报告摘要:Motivated by the previous success in mining structured data (e.g., transaction data) and semi-structured data (e.g., text), it has aroused our curiosity in finding meaningful patterns in non-structured visual data like images and videos. Although the discovery of visual patterns appears to be quite exciting, data mining techniques that are successful in business and text data may not be simply applied to image and video data that are usually described by high-dimensional features and exhibit spatial or spatio-temporal structures. Unlike transaction and text data that are composed of discrete elements without much ambiguity (i.e. predefined items and vocabularies), visual patterns generally exhibit large variations in their visual appearances and structures, thus challenge existing data mining and pattern discovery techniques. This talk will discuss our recent work of discovering and searching visual patterns in image and video data, as well as their applications in image search, video surveillance, and robotics.

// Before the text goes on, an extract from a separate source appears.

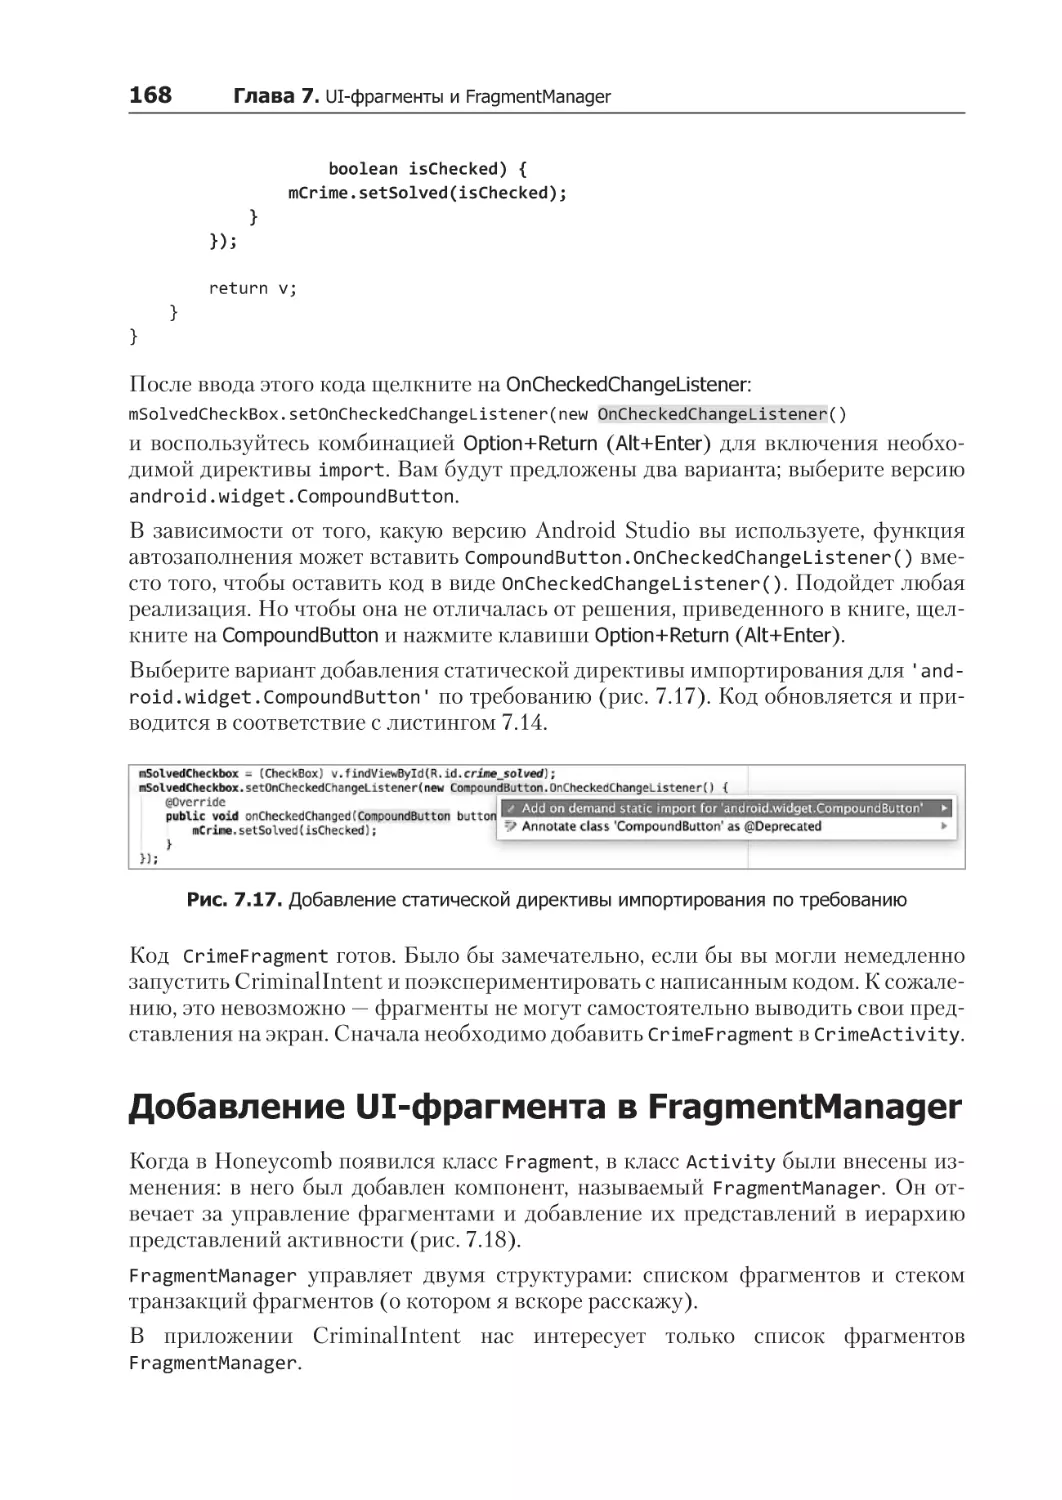 Добавление UI-фрагмента в FragmentManager
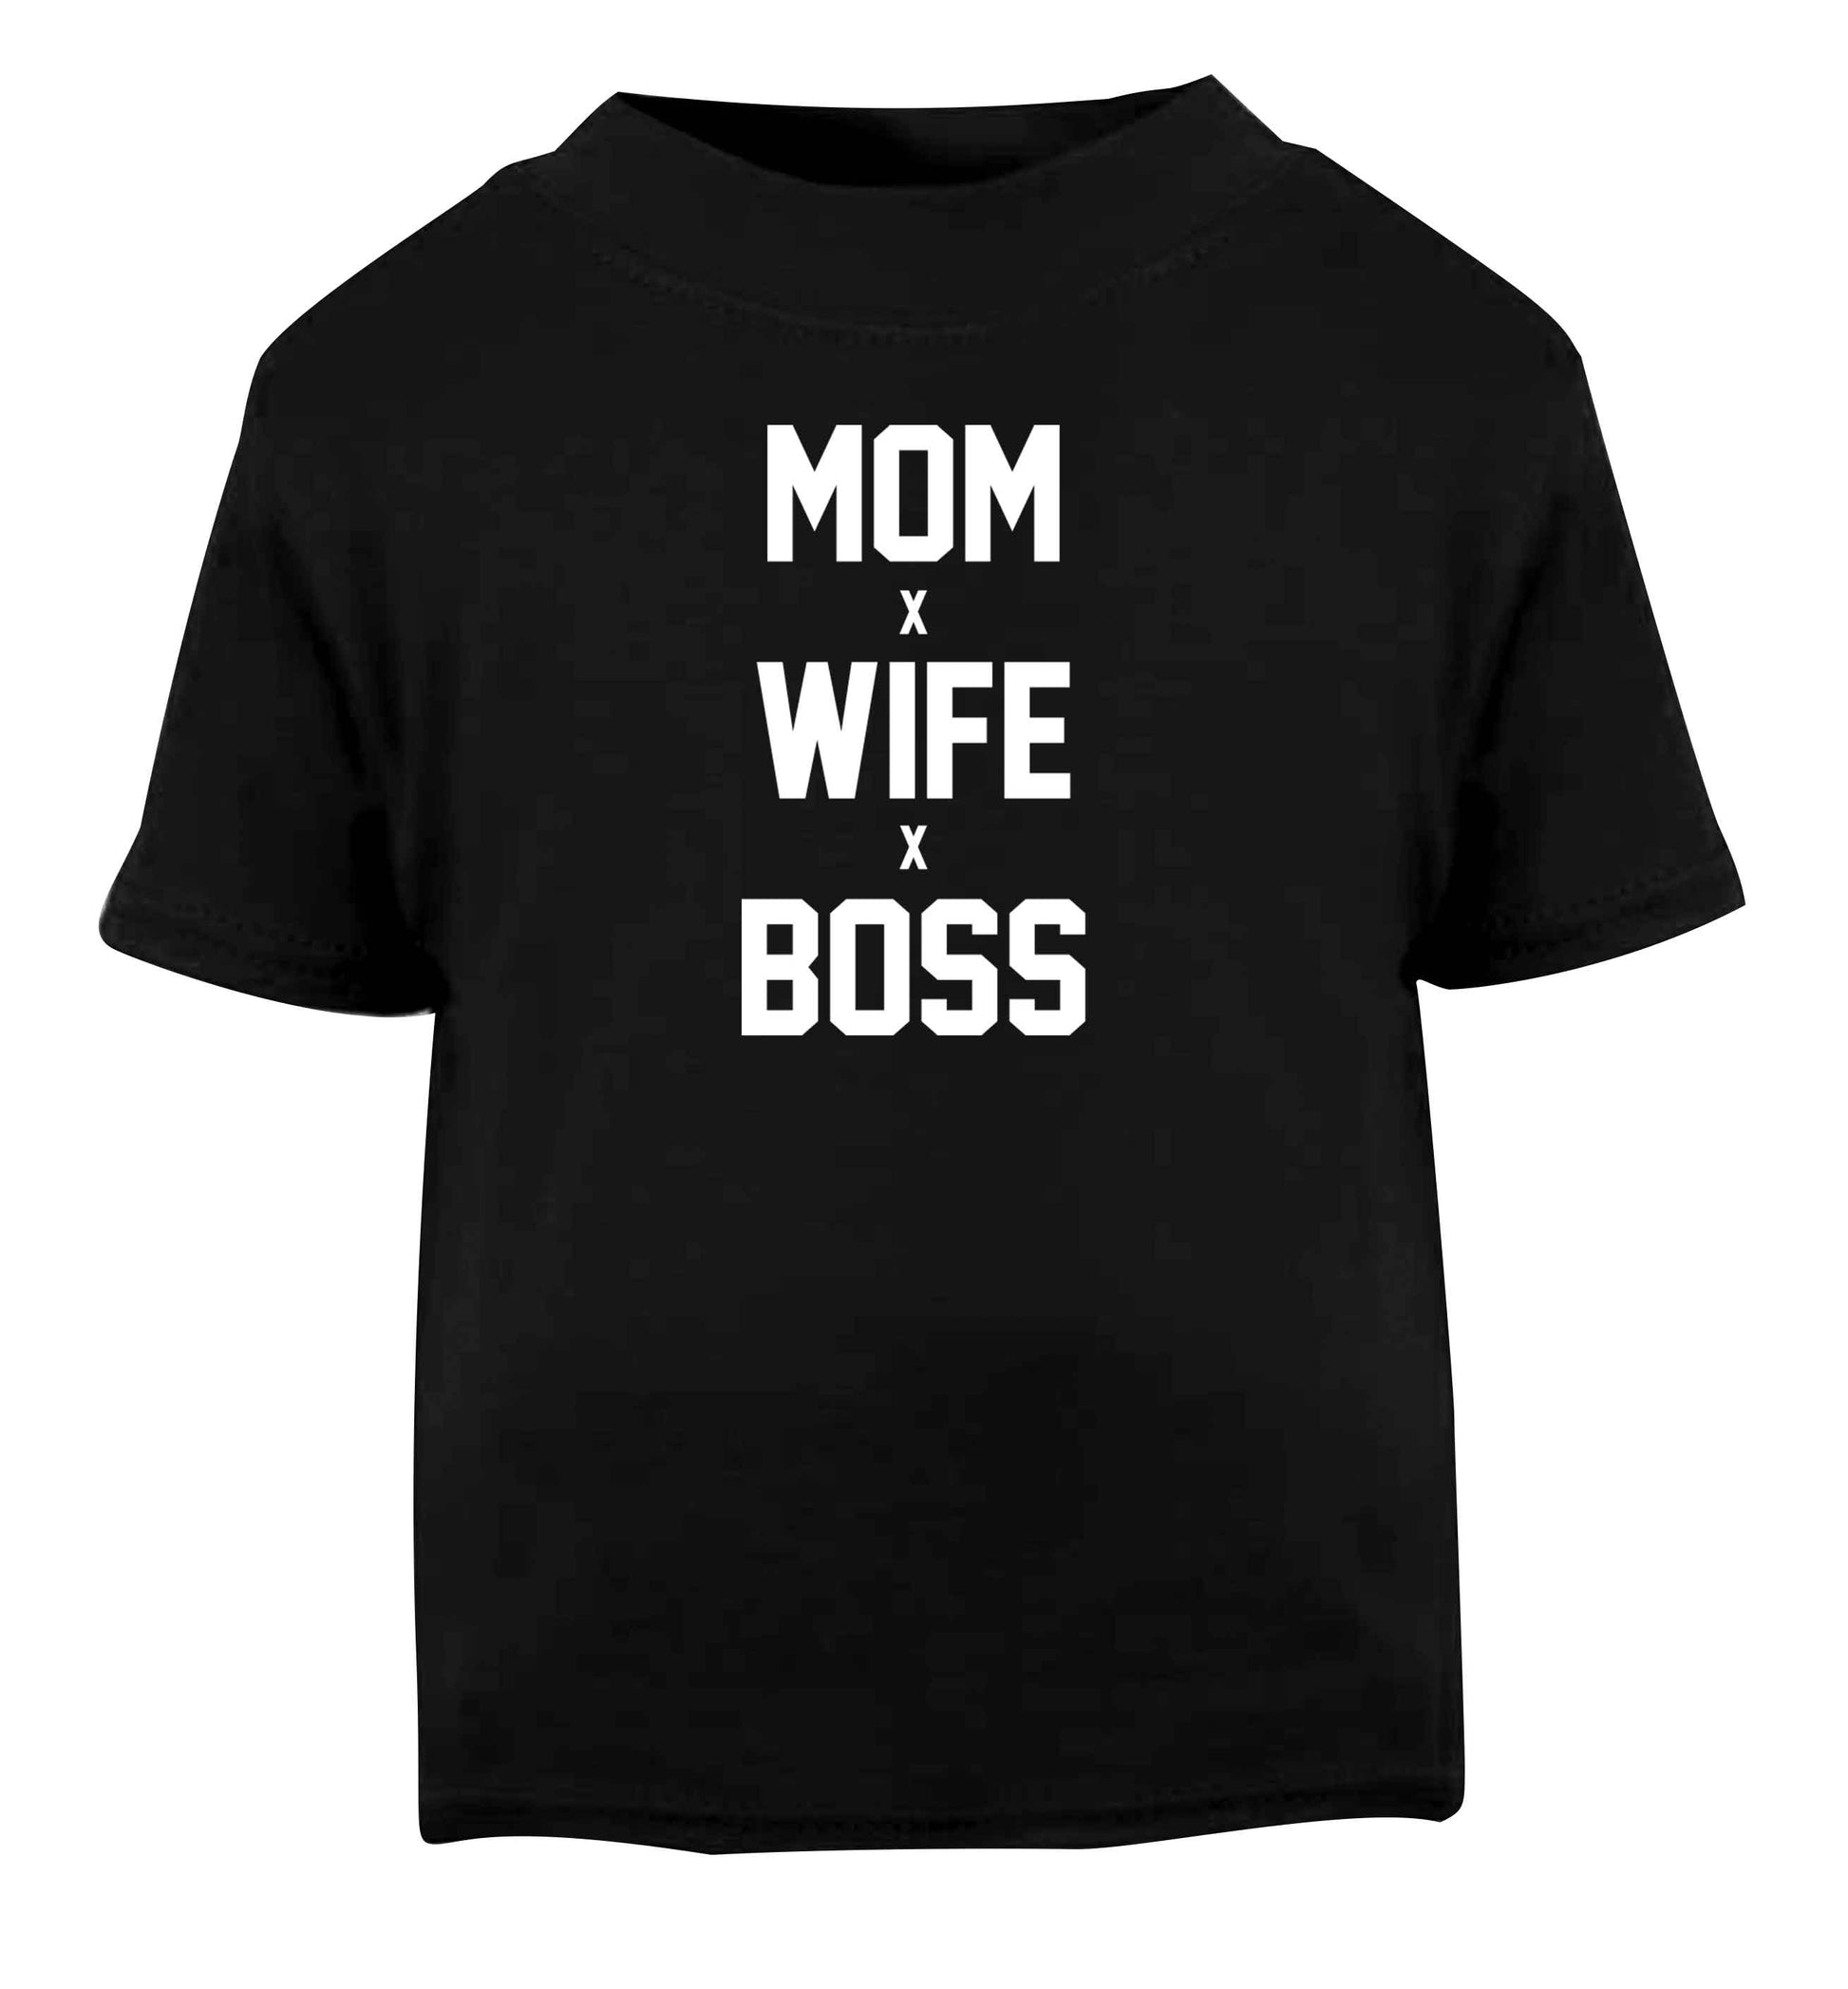 Mum wife boss Black baby toddler Tshirt 2 years

讲者信息:新加坡南洋理工大学电气与电子工程学院副教授,视频分析项目主任。主要研究领域包括计算机视觉, 视频分析, 视觉大数据检索与挖掘, 人机交互等。分别于2002年和2005年在华中科技大学及新加坡国立大学获学士及硕士学位。2009年博士毕业于美国西北大学,获电机与计算机系优秀博士论文奖,IEEE Conf. on CVPR’09 Doctoral spotlight award, 南洋理工大学Nanyang Assistant Professorship。现任IEEE Trans. on Image Processing, IEEE Trans. on Circuits and Systems for Video Technology, The Visual Computer 等期刊副主编,担任多个国际会议/研讨会的共同主席及领域主席。更多信息请参考 http://www.ntu.edu.sg/home/jsyuan/
报告摘要:In this talk, I will first give a brief introduction of online learning, including full-information online learning and bandit online learning. Then, I will study a special bandit setting of online stochastic linear optimization, where only one-bit of information is revealed to the learner at each round. This problem has found many applications including online advertisement and online recommendation. We assume the binary feedback is a random variable generated from the logit model, and aim to minimize the regret defined by the unknown linear function. To address this challenge, we develop an efficient online learning algorithm by exploiting particular structures of the observation model. Specifically, we adopt online Newton step to estimate the unknown parameter and derive a tight confidence region based on the exponential concavity of the logistic loss. Our analysis shows that the proposed algorithm achieves a regret bound of O(d√T), which matches the optimal result of stochastic linear bandits.
讲者信息: 张利军,博士,副教授。分别于2007年6月和2012年6月在浙江大学获工学学士和工学博士学位;分别于2011年6月至12月、2012年8月至2014年4月,以访问学生、博士后身份在美国密歇根州立大学访问研究;于2014年4月加入南京大学计算机科学与技术系。主要研究方向为大规模机器学习及优化,在国际学术会议和期刊上发表论文40余篇,包括顶级会议和期刊ICML、NIPS、COLT、AAAI、ACM MM、AISTATS、TPAMI、TIT、TIP、TKDE。曾获浙江大学“竺可桢奖学金”、南京大学“登峰人才支持计划”、第26届AAAI人工智能国际会议“最佳论文”等荣誉。
报告摘要 :视网膜是视觉神经系统的输入端,它不仅将光信号转化成为神经系统可以理解及处理的电信号,而且还对视觉信息进行相当程度的分类及预处理,从而加速大脑对视觉输入的反应。小鼠视网膜中有超过20种神经环路对外界图像中不同的视觉特征进行提取,这些经过不同环路处理的视觉信息由不同亚型的视网膜神经节细胞(RGC)传递到大脑。这些视网膜神经环路输出的视觉信息正在逐渐被解码,对它们的环路机制的了解也在逐步的完善中。我将对近年来这方面的研究进展做一个简要介绍,并汇报我们实验室对两种视网膜神经节细胞功能的研究结果。
讲者信息 :张翼凤,1972年生,博士,现任中国科学院上海生命科学研究院神经科学研究所研究员。1994年毕业于北京大学生命科学院生化和分子生物学系,1997年于北京大学获生化和分子生物学硕士学位,2004年于美国加州大学圣迭戈分校获生命医学科学博士学位,2004-2011年在美国哈佛大学脑科学中心从事博士后研究,2011年起任中科院神经科学研究所研究员、博士生导师。主要使用电生理和分子生物学等方法研究视网膜神经环路的功能。